Alexander Lockwood (born Alexander Wyricz; May 5, 1902 - January 25, 1990) was an American actor. He appeared in numerous films and television shows throughout the 1930s to the 1980s.

==Biography==
Lockwood was born Alexander Wyricz in Poland on May 5, 1902. He came to the United States when he was 4 years old. His parents lived in Chicago, and he had two sisters.

=== Film ===
Lockwood began his acting career in film in 1938, appearing in films like Just Off Broadway, Sherlock Holmes in Washington and Jigsaw during the 1940s. During the 1950s and 1960s he appeared in films like The Wrong Man and The Invisible Boy with Richard Eyer. He also appeared in The Story of Mankind and Monster on the Campus. He also acted in films like The Tarnished Angels and Edge of Eternitywith Cornel Wilde and Cary Grant during the late 1950s. During the 1960s he appeared in films like Beauty and the Beast with Joyce Taylor and Walk on the Wild Side with Laurence Harvey and The Monkey's Uncle with Tommy Kirk during the 1960s. During the 1970s he appeared in films like Duel, Family Plot and Close Encounters of the Third Kind.
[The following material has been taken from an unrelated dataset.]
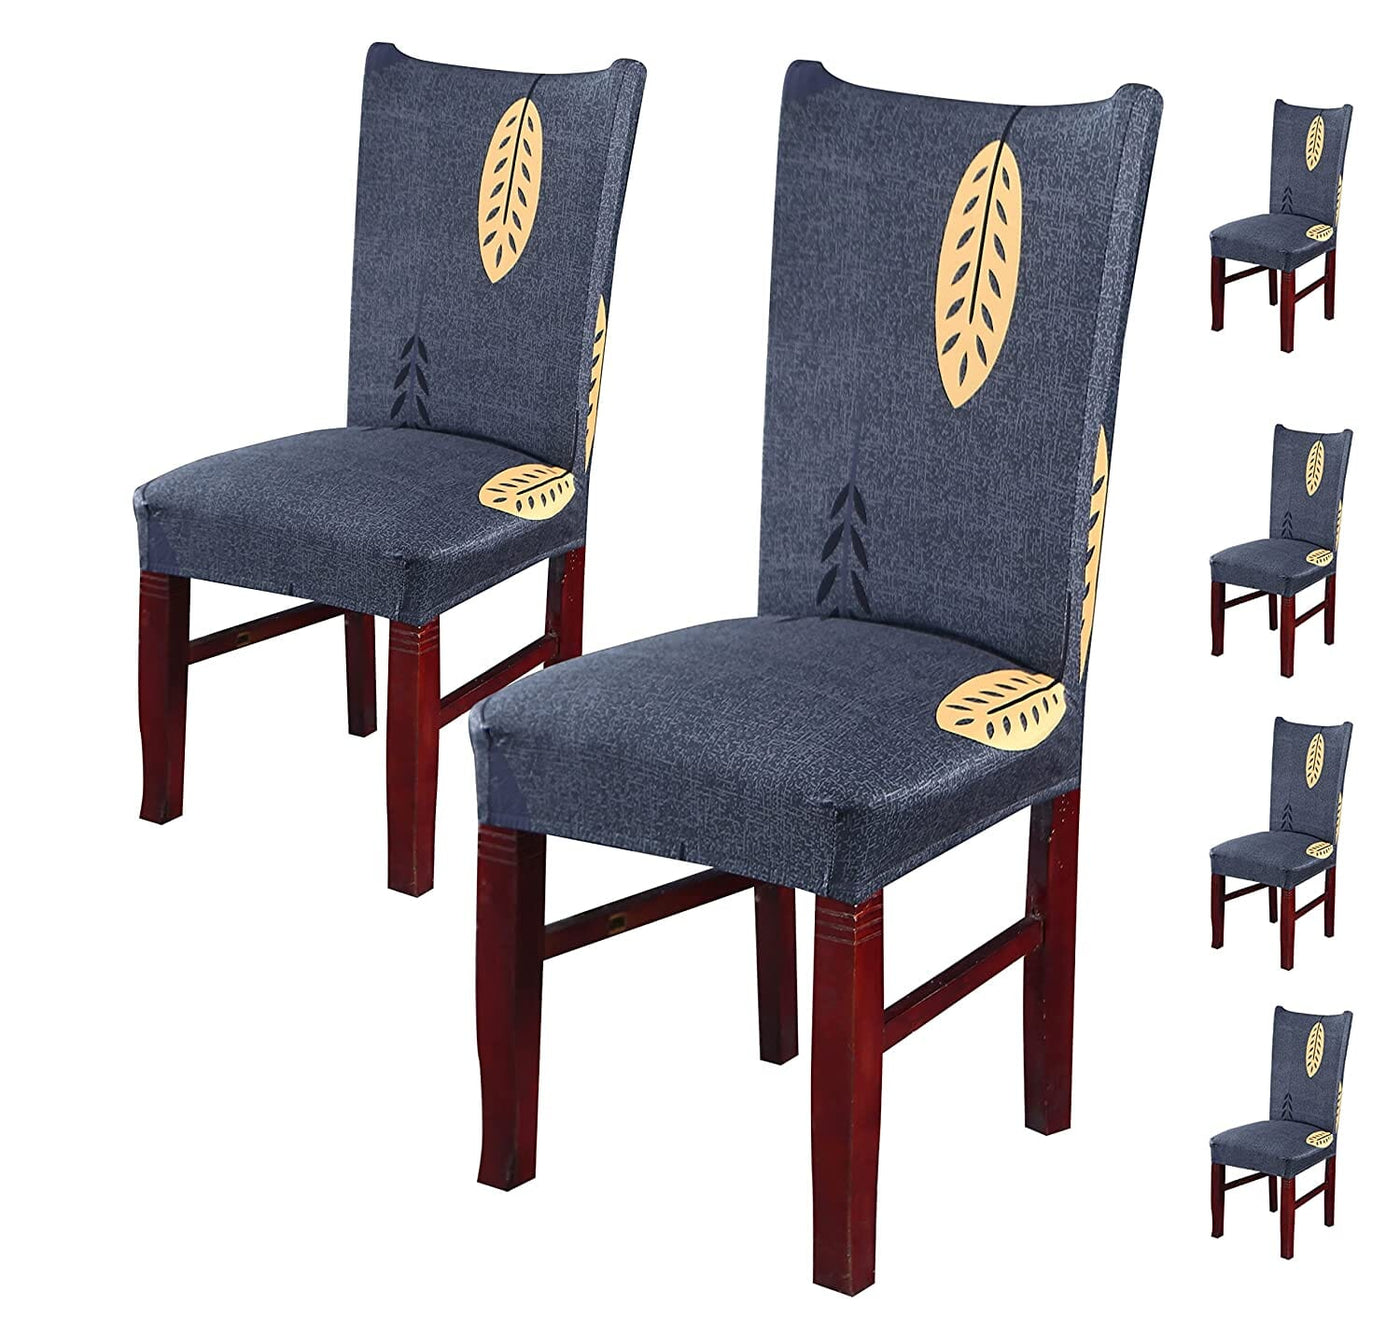 Mustard Leaf Petals Premium Chair Cover - Stretchable & Elastic Fitted Great Happy IN

Lockwood last acted in the film Romantic Comedy in 1983.

=== Stage ===
When Lockwood was with the Olive Meehan-Cecil W. Secrest Associate Players in Sioux City in 1926, he was described as "Another handsome juvenile ... not only a clever dramatic actor, but possesses a splendid singing voice." He performed with the Clemant-Walsh troupe in 1927. In 1928 he was the leading man in a stock theater company in Fond du Lac, Wisconsin. His Broadway debut occurred in 1938 in Soliloquy. His other Broadway credits included Hamlet (1945 and 1946), The Biggest Thief in Town (1949), and Remains to Be Seen (1952).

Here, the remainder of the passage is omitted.